Owing to the special standards and consistency of industrial sandpaper, the repeatability in different batches could satisfy the requirement for large-scale fabrication. In contrast, the roughness standard of sandpaper ensures the statistical uniformity of microspines in the sensor. That means, although the size of every microspine is random, the continuous distribution of the whole layer can be considered to be relatively uniform in a certain area. For example, the average size of the microspines with a roughness of 600 grit is ∼25 μm, suggesting 1.6 × 10⁵ microspines in the area of 1 cm². As already illustrated (Sensor Characterization section), the devices with same roughness show similar sensing performance, which also proves repeatability to a certain extent.

Sensor Characterization

To demonstrate the benefit of the microspine and pillar structures, the sensors with different hierarchical structures were prepared. The capacitance test system was constructed by a pressure testing machine (ZQ-990A; ZHIQU Precision Instruments) and an inductance capacitance resistance meter (TH2829C; Changzhou Tonghui Electronic Co., Ltd.). Figure 3a–c shows typical real-time responses of the relative capacitance changes for the devices with double, single, and no microspine layers. All the devices show two sensitive behaviors in different pressure range with a sudden change point near 30 Pa.

FIG. 3.

Here the 600-grit sandpaper was used to fabricate the random microspine layer. (a) Schematic diagrams of the devices with double, single, and no microspine layer. (b) Capacitance response curves and (c) the relative capacitance variations of the three sensors with different number of microspine layers. The influence of roughness on the relative capacitance variations ΔC/C₀ (d) in the high-pressure range and (e) in the low-pressure range. The influence of dielectric thickness on the relative capacitance variations ΔC/C₀ of the three sensors with varying dielectric layer thickness (200, 350, and 500 μm) (f) in the high-pressure range and (g) in the low-pressure range. (h) The partial capacitance response for cycle test under 5 Pa pressure. (i) The normal distribution diagram of cycle test under 5 Pa pressure.

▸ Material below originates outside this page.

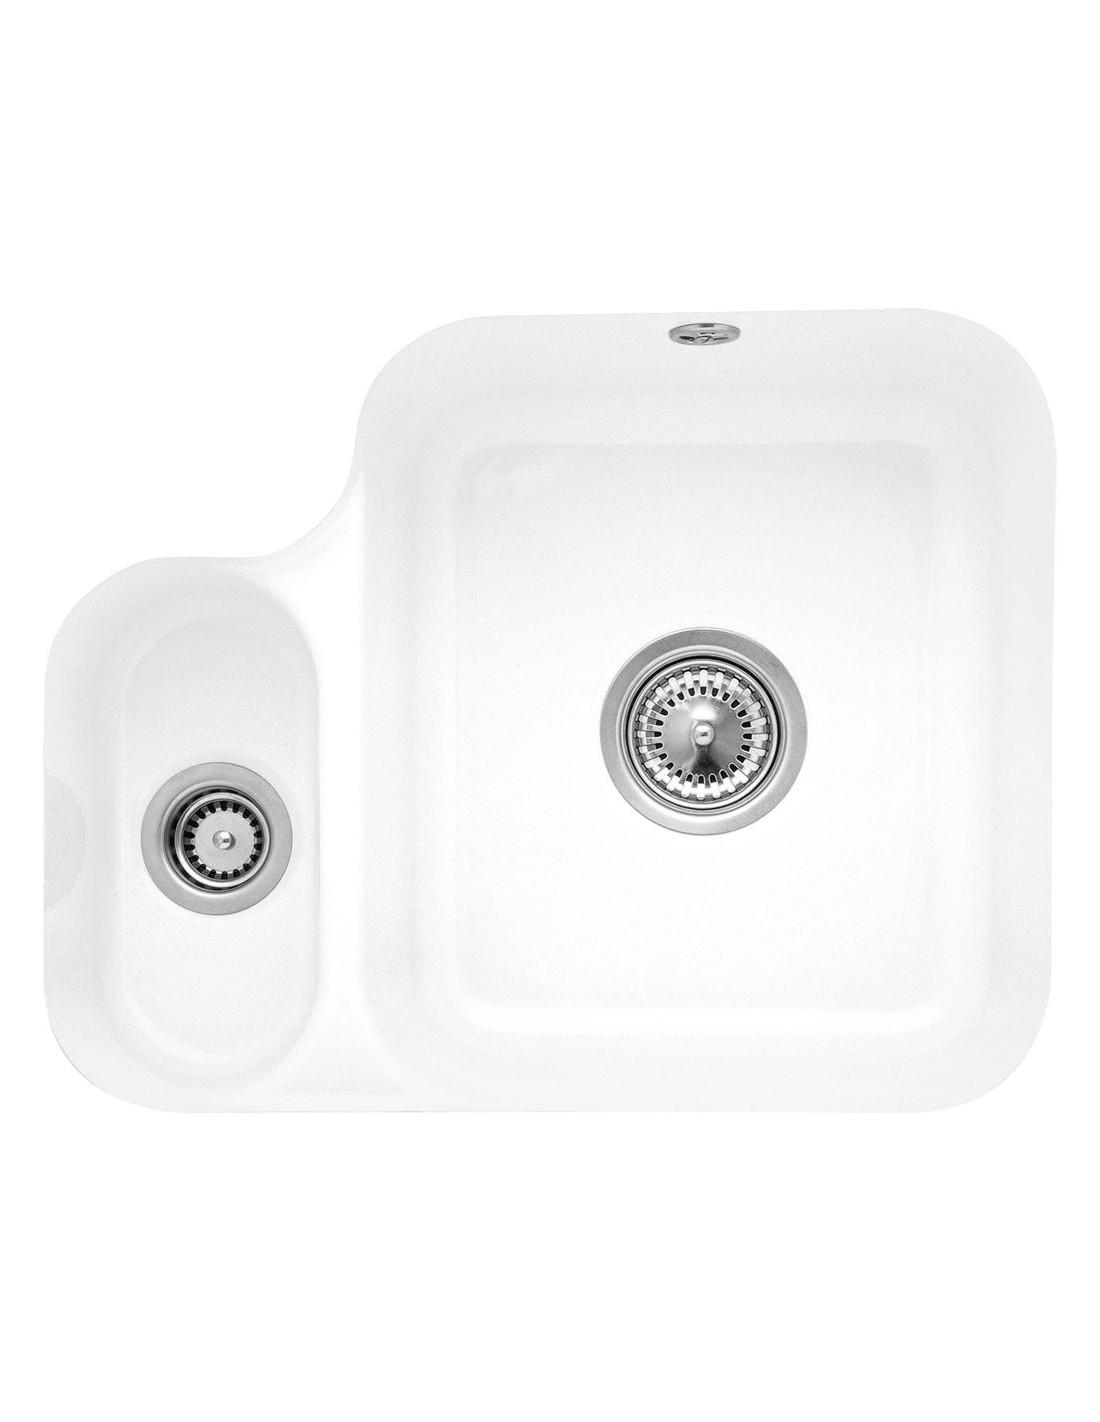 6702 Villeroy & Boch Cisterna Kitchen Sinks 1.0 & 1.5 Ceramic white ...

Table 1 summarizes the sensitivity, detection limit, and the response ΔC/C₀. As expected, introducing the microspine dramatically improves the pressure sensitivity of the devices. When the imposed pressure is below the pressure of the sudden change point, the sensitivity of the sensor with double microspine layers reaches 2.80 k/Pa, which is increased near 50-fold compared with that of the sensor without microspine layer. The influences of roughness and thickness on the device sensitivity are shown in Figure 3d–g. Within the low-pressure range (0–30 Pa), the sensitivity increases with the decrease of the microspine's size because the small contact area favors the pressure accumulative effect. The sensor prepared by the 1000-grit sandpaper has the maximum sensitivity (2.87 k/Pa) in the low-pressure range. In addition, all the devices show a similar sensitivity in the high-pressure range (0.03–100 kPa).

Table 1.

Sensitivity, Detection Limit, and Response ΔC/C₀ of the Sensors with Different Microspine Layers

Microspine layers	Thickness of the microspine layers (μm)	Roughness (grit)	Low-pressure ^a sensitivity (k/Pa)	High-pressure ^a sensitivity (k/Pa)	Detection limit (Pa)/response ΔC/C₀
Without	—	—	0.57	0.0062	∼350/0.012
Single	200	600	1.17	0.0058	∼5/0.005
Double	200	600	2.80	0.0053	∼5/0.009
		1000	2.87	0.0042	∼5/0.010
		120	1.60	0.0053	∼5/0.006
	350		1.52	0.0067	∼5/0.006
	500		1.48	0.0087	∼5/0.005

Low-pressure range: 5–30 Pa; High-pressure range: 0.03–100 kPa.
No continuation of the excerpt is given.